This news item expired on Friday, September 29, 2017 so the information below could be outdated or incorrect.
On Saturday, September 17, David Brigman learned of the complaint through Facebook and went to Jacob Holm where he found that a malfunction had occurred in the system that transfers the waste material from the process to the storage bin outside. A large pile of the waste material was on the ground. Jacob Holm workers were busy cleaning up the debris. The material is a cellulose product from their non-woven wipes and is non-hazardous. Mr. Brigman did not see the material blowing off site, but it is assumed that occurred and that is how it was deposited on the car lot. Mr. Brigman went by DeBruhl’s Used Cars Superstore and spoke with staff about his findings, Mr. Debruhl was not there.

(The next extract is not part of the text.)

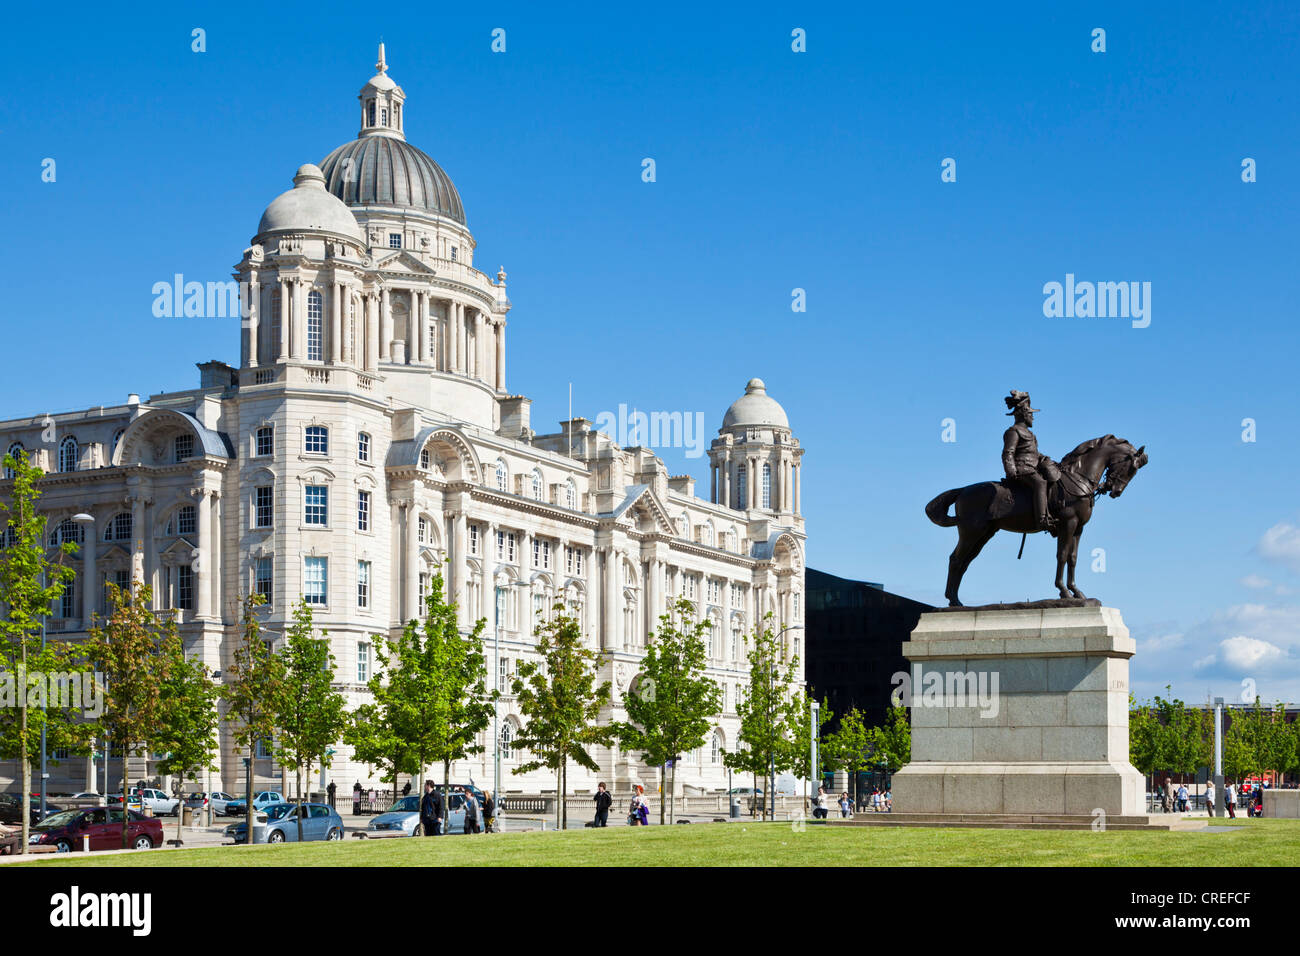 Port of Liverpool Building Liverpool waterfront Pier Head Merseyside England uk gb eu Europe Banque D'Images

On Monday, September 18, David Brigman and Ashley Featherstone went to Jacob Holm and met with Jeff Sellers, CEO, Tom Knapp, Vice President of Operations, and Donald Smolder, Environmental, Health and Safety Manager. They explained that a malfunction had occurred on Saturday morning. There is a large cyclone on the outside of the building where waste material is conveyed by a screw system before dropping down into a dumpster for collection. The plug at the bottom of the cyclone became loose and the material blew out onto the ground and also onto a trailer that was parked near the building. The trailer, coated with the waste material, was subsequently moved to the other side of the building and it is assumed that a large amount of the waste material blew off of it and off of the pile, where it was deposited beyond the facility’s property at DeBruhl’s and other nearby locations.
After the malfunction, the process was shut down and the plug to the cyclone was repaired or replaced. The pile of debris had been cleaned up. They were working on the system and trying to get it restarted while we were there. They have hired a company to install a tarping system around the cyclone and dumpster so that if there is a future occurrence, any associated dust will be contained. We explained that fugitive dust of this nature is not allowed to leave the property boundary per Chapter 4. 0540 of the WNCRAQA Code.

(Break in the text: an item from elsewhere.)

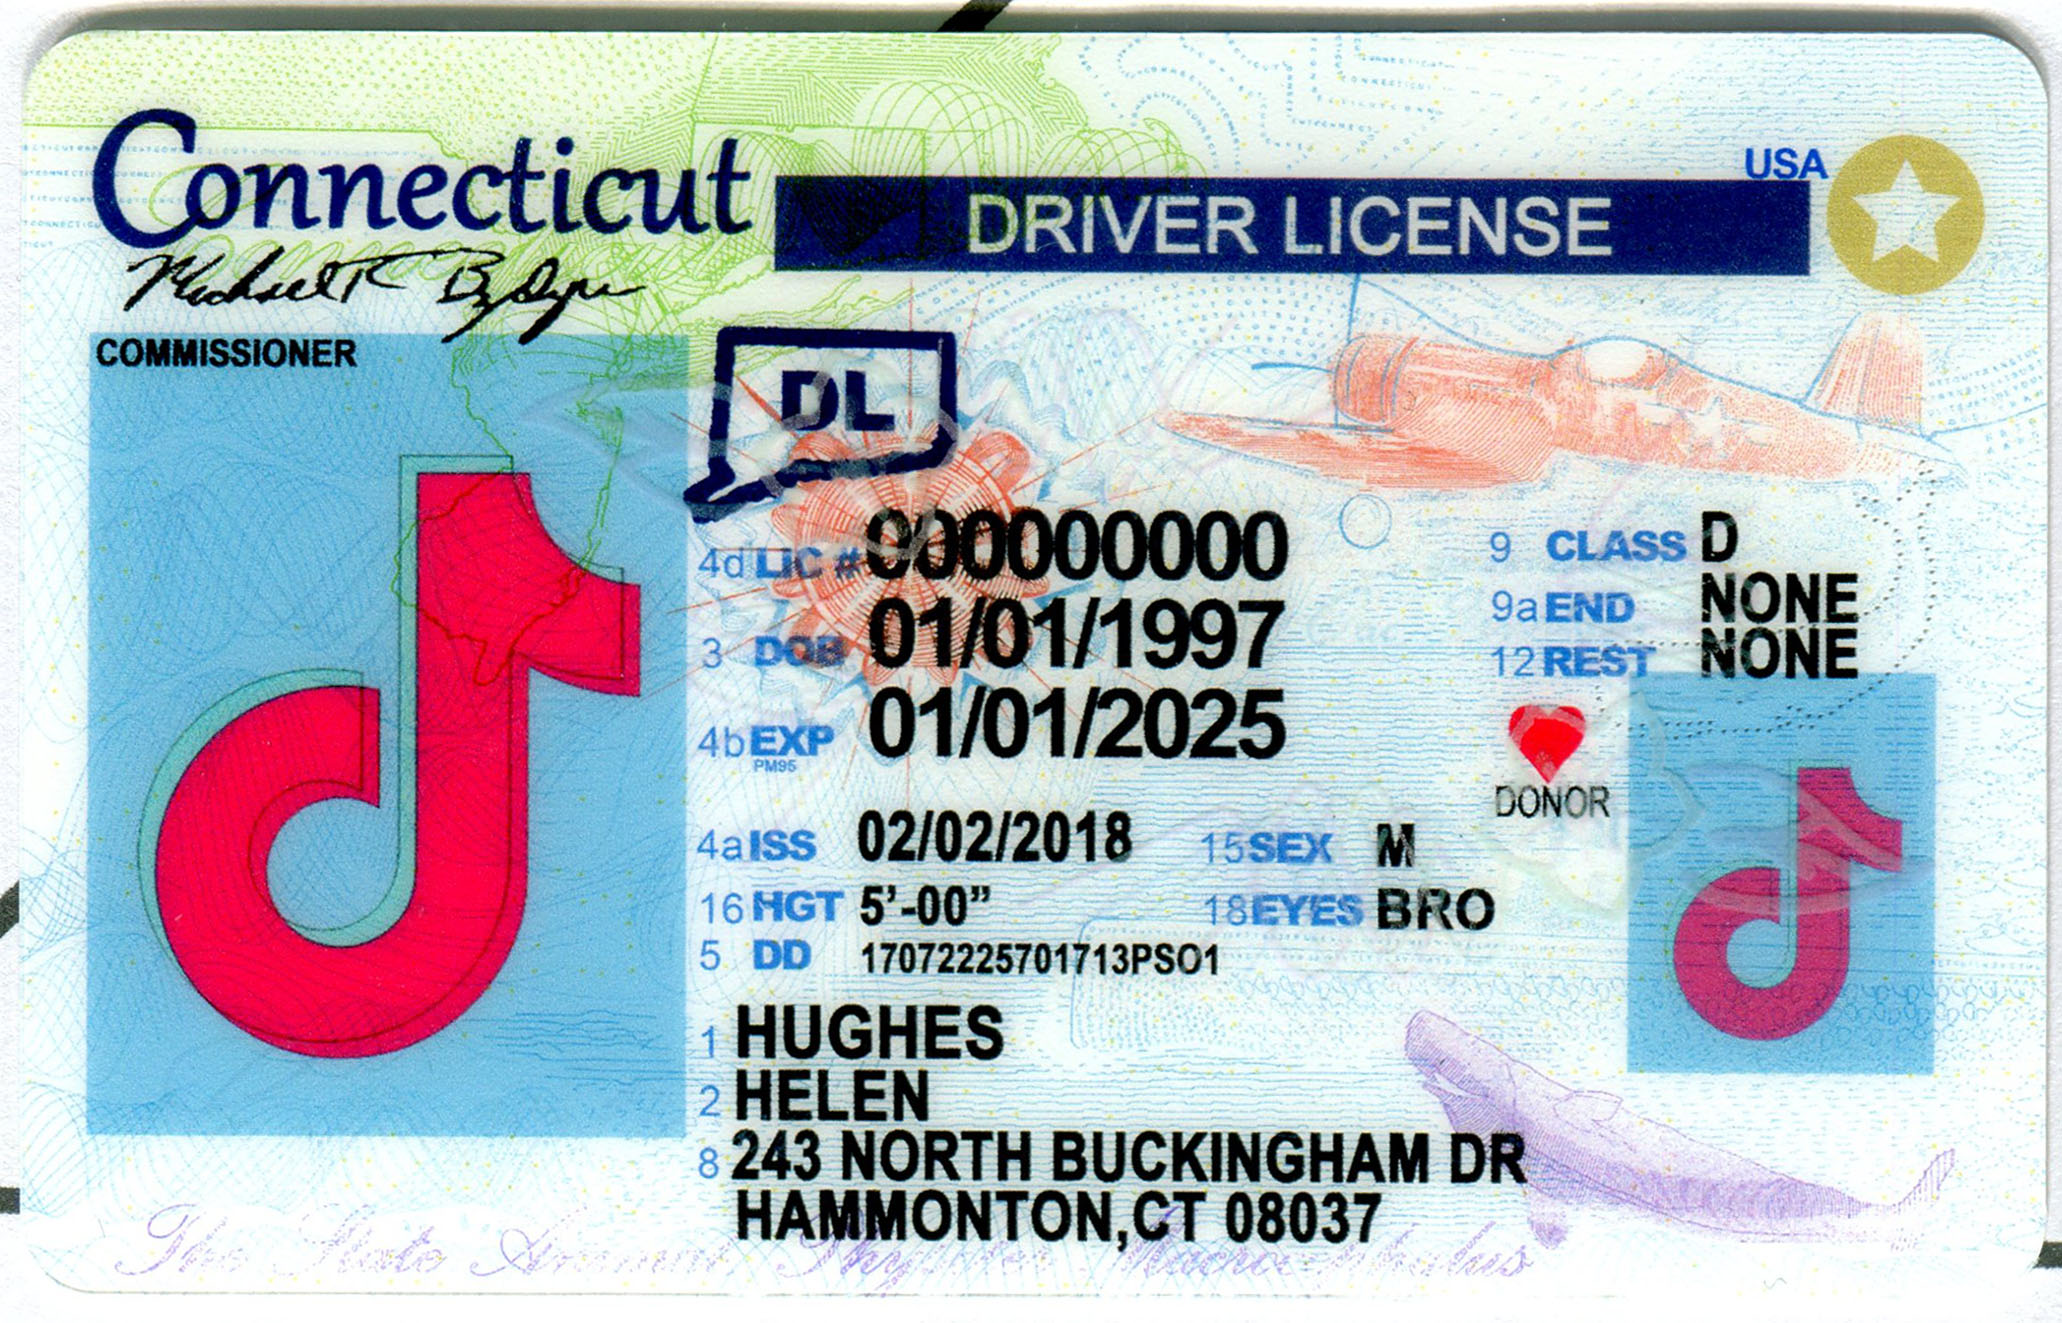 Connecticut-New buy fake id

While there, we reviewed the MSDSs for the product at issue, which consists of two types of cellulosic material. This material appears to be non-hazardous. There are no binders or finishes utilized. We requested additional information about the natural gas fired dryers and the dust collection system in order to confirm that an air quality permit is still not required for this facility. We will follow up with the facility on permitting. The facility is required to comply with the fugitive dust rules regarding of permitting applicability.
We handle fugitive dust complaints on a case by case basis. In this case, we investigated and found that the dust was the result of a malfunction. The facility is working to address the problem in a timely manner. They are taking steps to enclose the process and improve upon it in order to prevent future occurrences. As such, we are not planning to issue a penalty at this time.